Our dependence on the ocean as source and sustainer of life is woven through all human culture in our shared reverence of water. Water goddesses are associated with fertility. The fountain of youth was the impetus for exploration. Immersion in water is a symbol of spiritual birth, a ritual metaphor for birth as the emergence from the amniotic ocean of the womb. Even our Western alphabet contains a reminder of the sea: the letter ‘m’ comes to us from the ancient Phonecian alphabet. The original glyph was drawn to associate its sound with the word mem in which it appeared. Mem was their word for water. ‘M’ is a drawing of ocean waves.
Our ancestors understood that their very survival depended on the ocean and treated her with appropriate reverence. Today, we are less reverent, less grateful. Our collective neglect and wanton exploitation have wrought untold damage to the ocean. We do not know the extent, and we do not yet fully know the consequences for our planet and our lives.
One example: human pollution adds significant levels of nitrogen and phosphorus to coastal waters. These are the combined results of agricultural and industrial runoff, insufficiently treated waste-water, and acid rain that pulls pollutants out of the air (automotive and industrial). The mass accumulation of these nutrients in the water (called eutrophication) can result in diminished levels of dissolved oxygen. Water becomes hypoxic, creating dead zones. Some of these zones last only a few days each year when the water warms, others persist for many months. Dead zones disrupt the migration and spawning of fish, result in mass mortality of sea creatures, and cost countless of millions of dollars in lost fishing and tourism income. Each decade since the 1960s has seen a doubling of the number of dead zones in the world’s waters. Research by Dr. Robert Diaz (Professor Emeritus, Virginia Institute of Marine Science) and Dr. Rutger Rosenberg (Professor, Department of Marine Ecology, University of Gothenburg) has compiled a list of known dead zones. We are underscoring the music of mem mer mère with a roll call reading of these locations.

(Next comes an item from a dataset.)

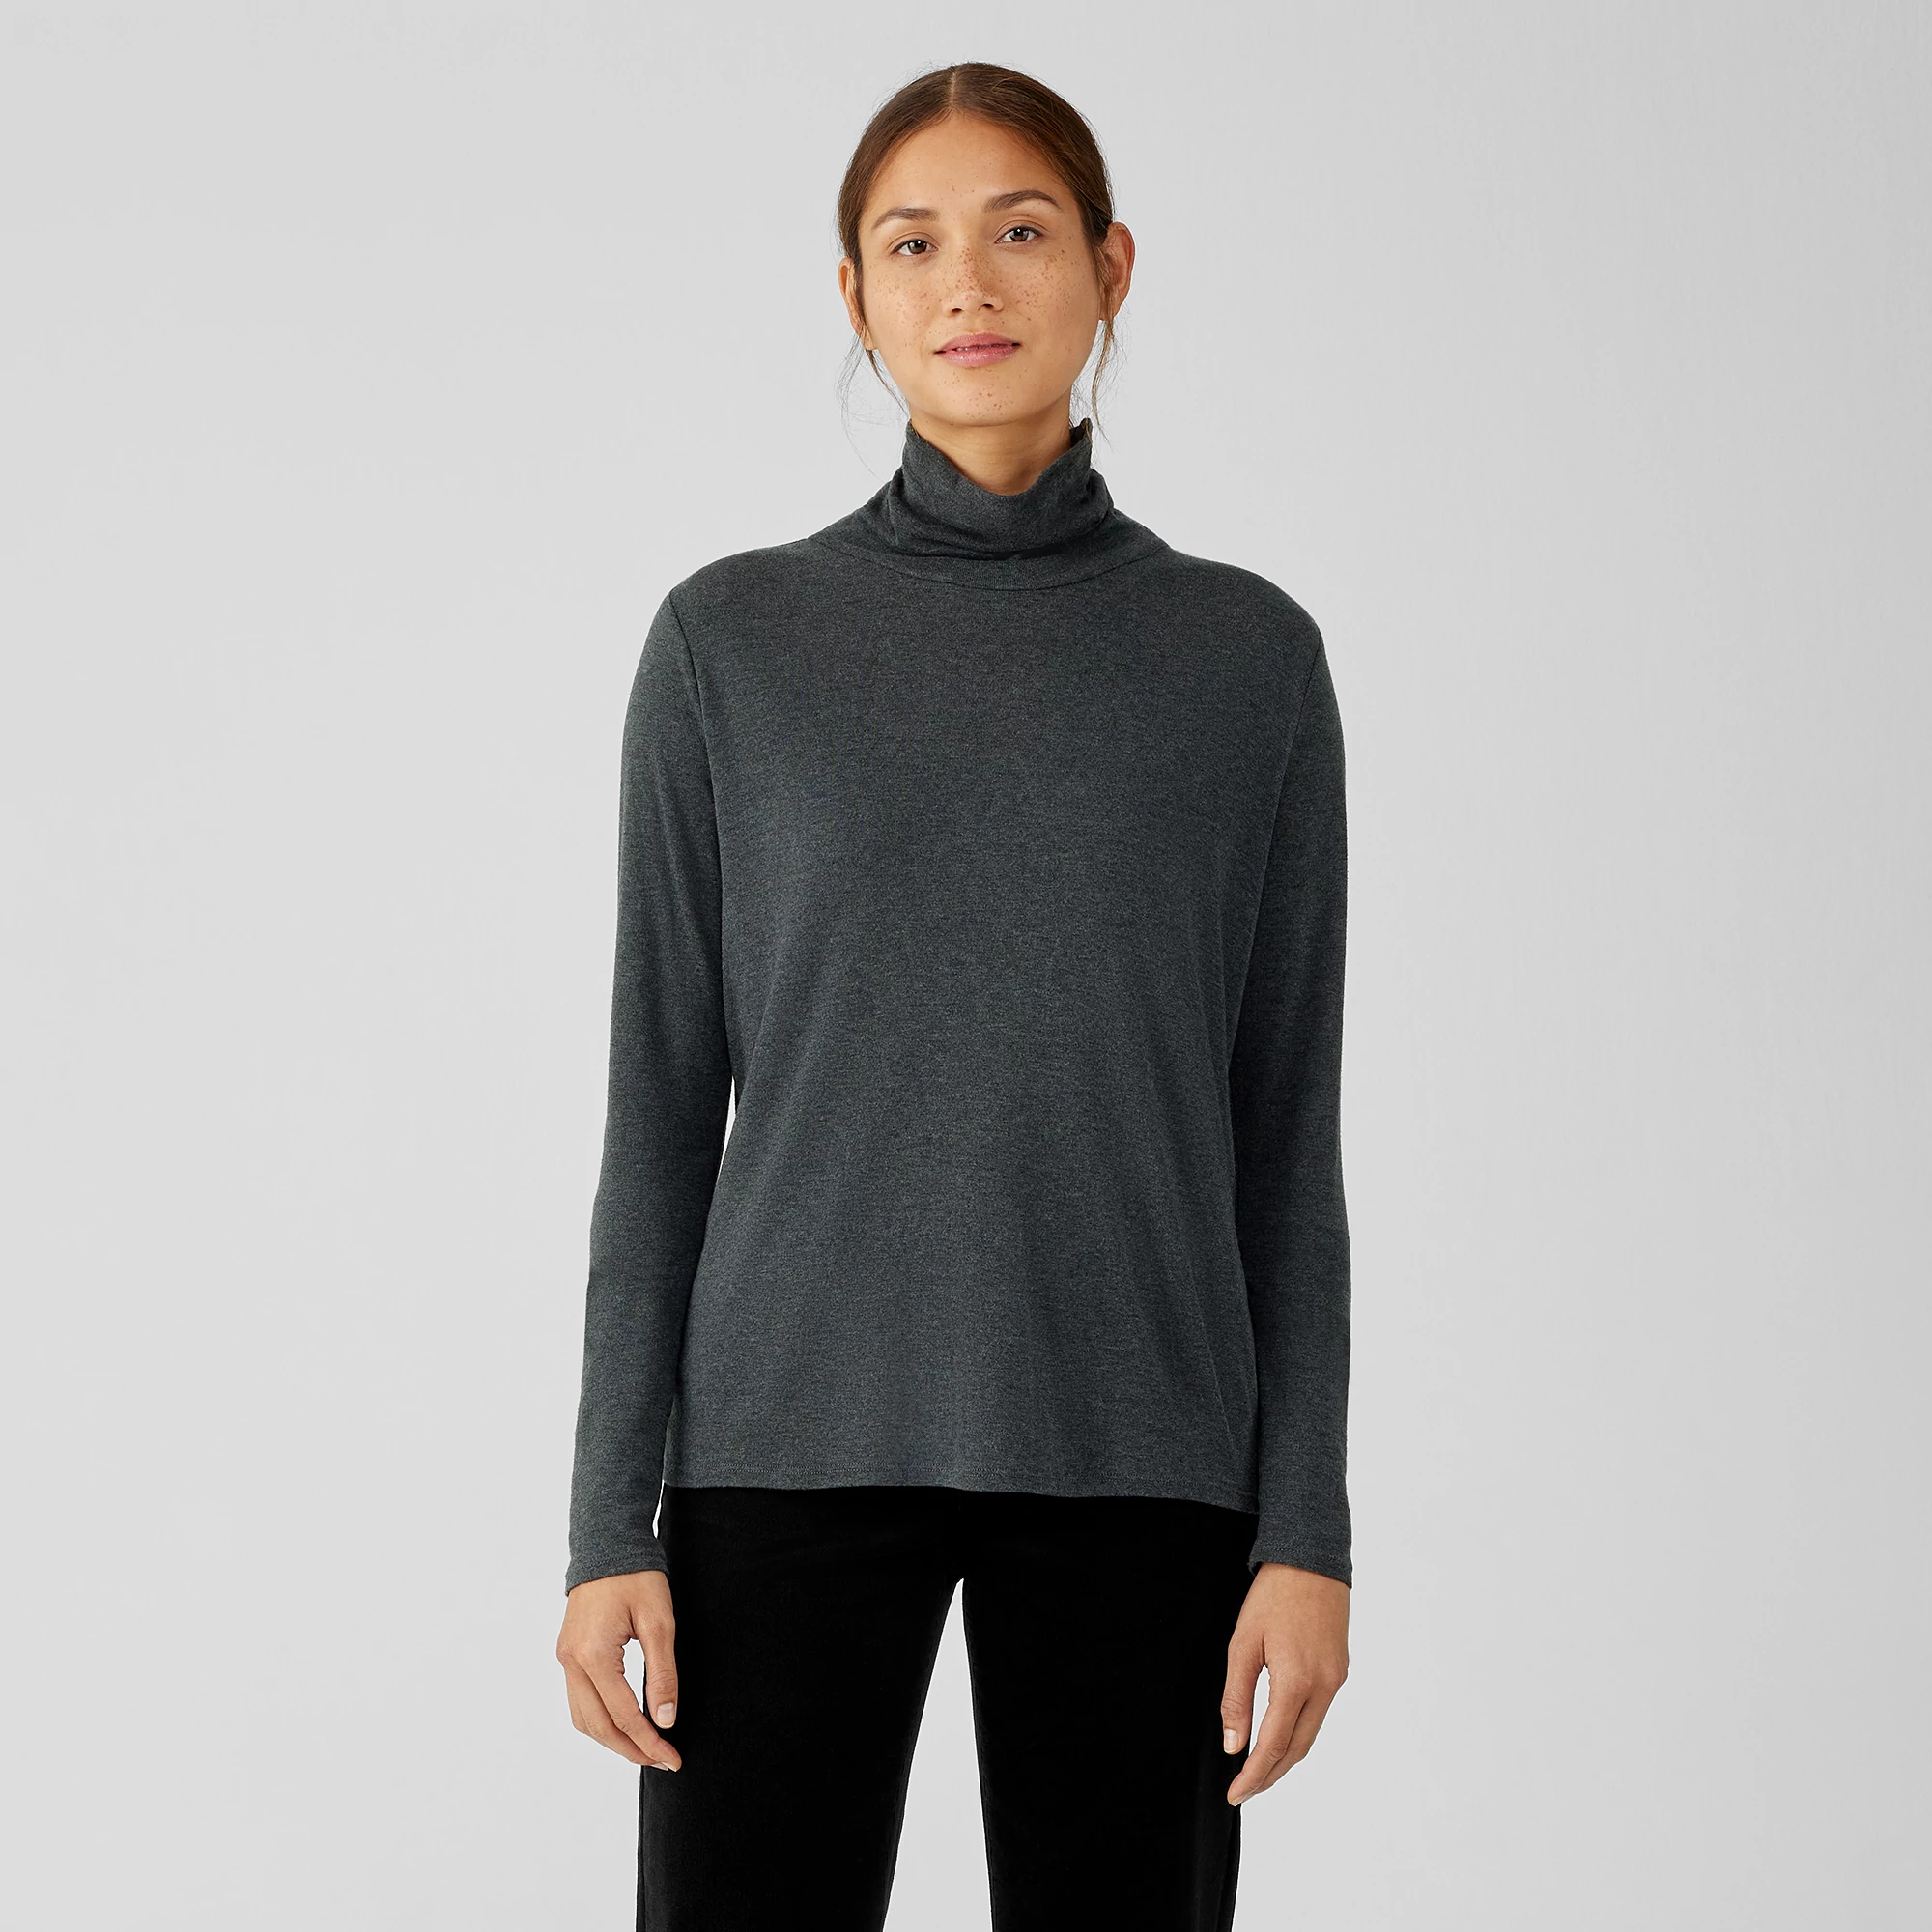 Organic Merino Wool DILLING Womens Long Sleeve top with high Neck and Zip 
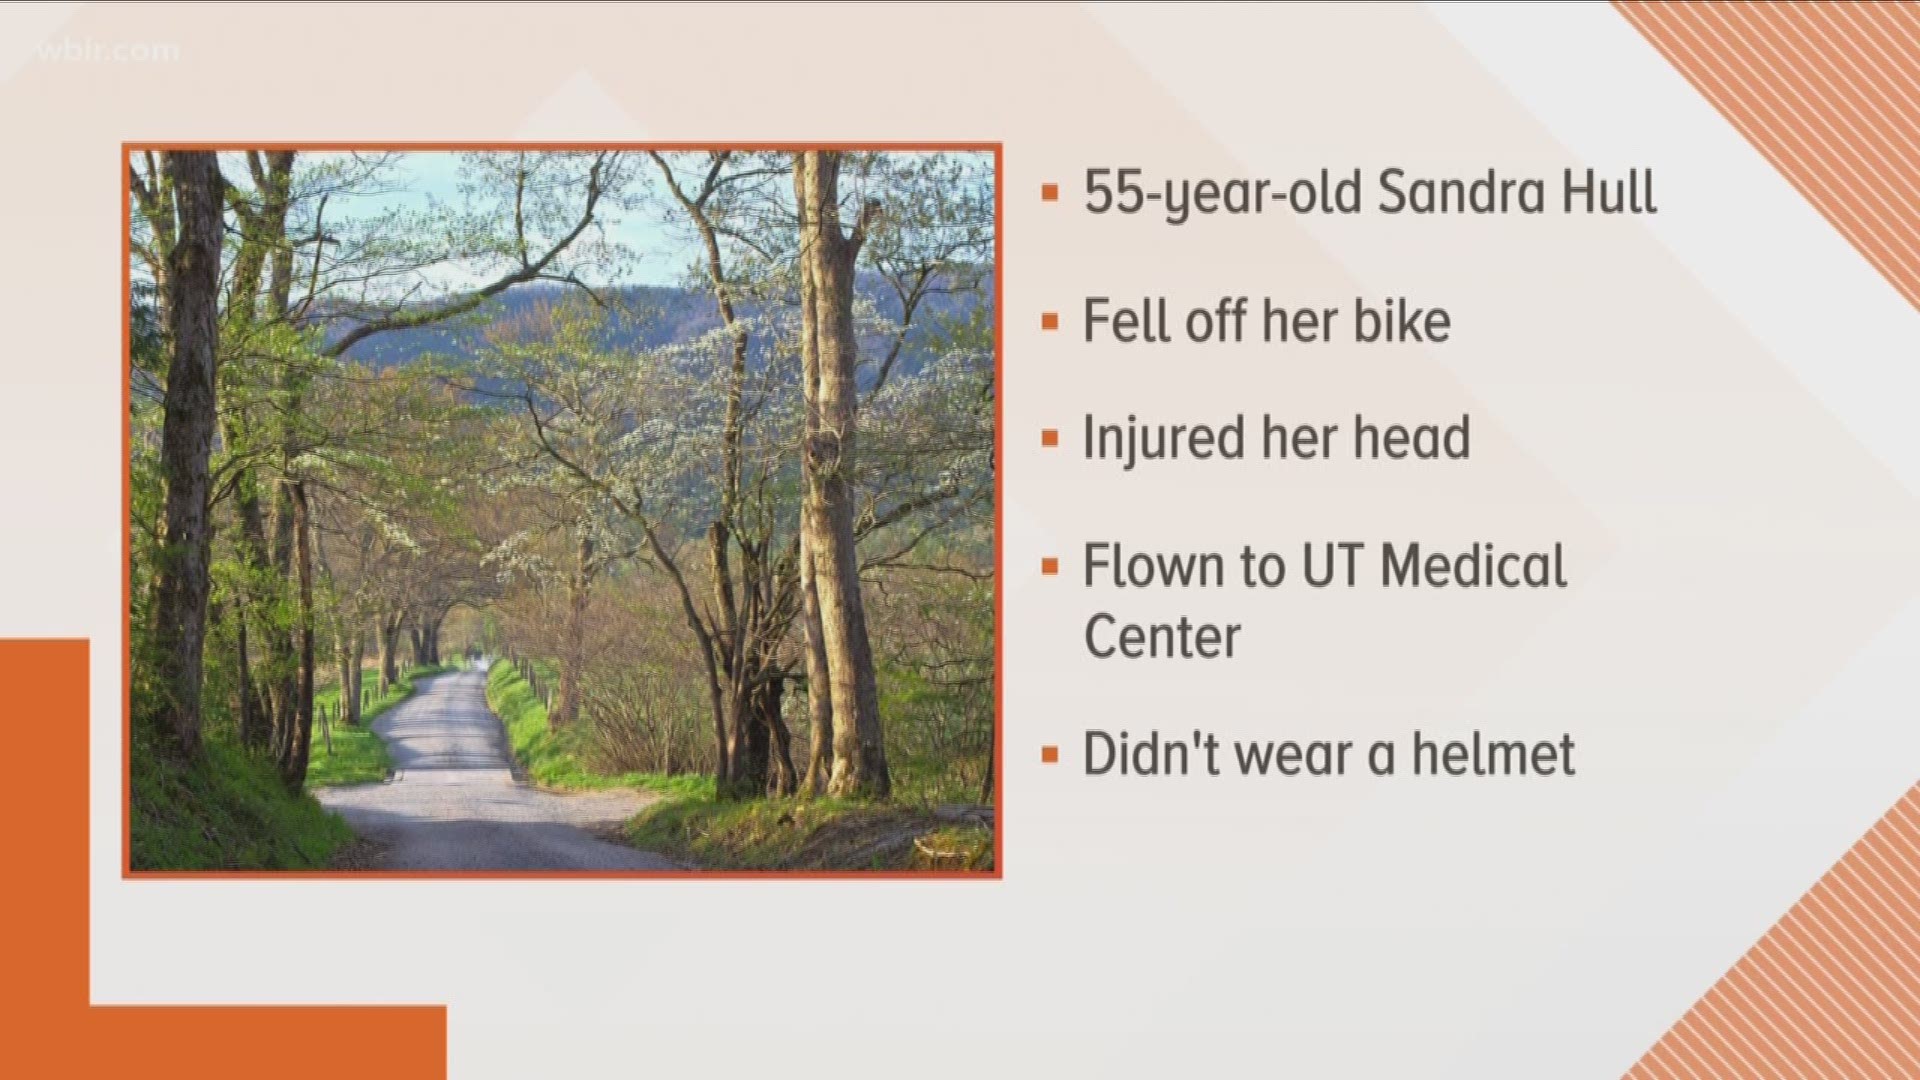 National Park officials say 55-year-old Sandra Hull of Florida fell off her bike along the Cades Cove loop.

Countless people make an annual pilgrimage to the water (the ocean, or the lake, or the river) to commune with the mysterious and powerful source of life. As we stand on the shore, our eyes are blinded by the sun glitter that dances on the water’s surface. This reflected light is deeply embedded in our human psyche: we are attracted to glittering light because it reminds us of light dancing on the ocean’s surface. Like the vivid scent of briny seaside air preceding the first swim of summer, mem mer mère incants a reminder of our origins in the ancient sea.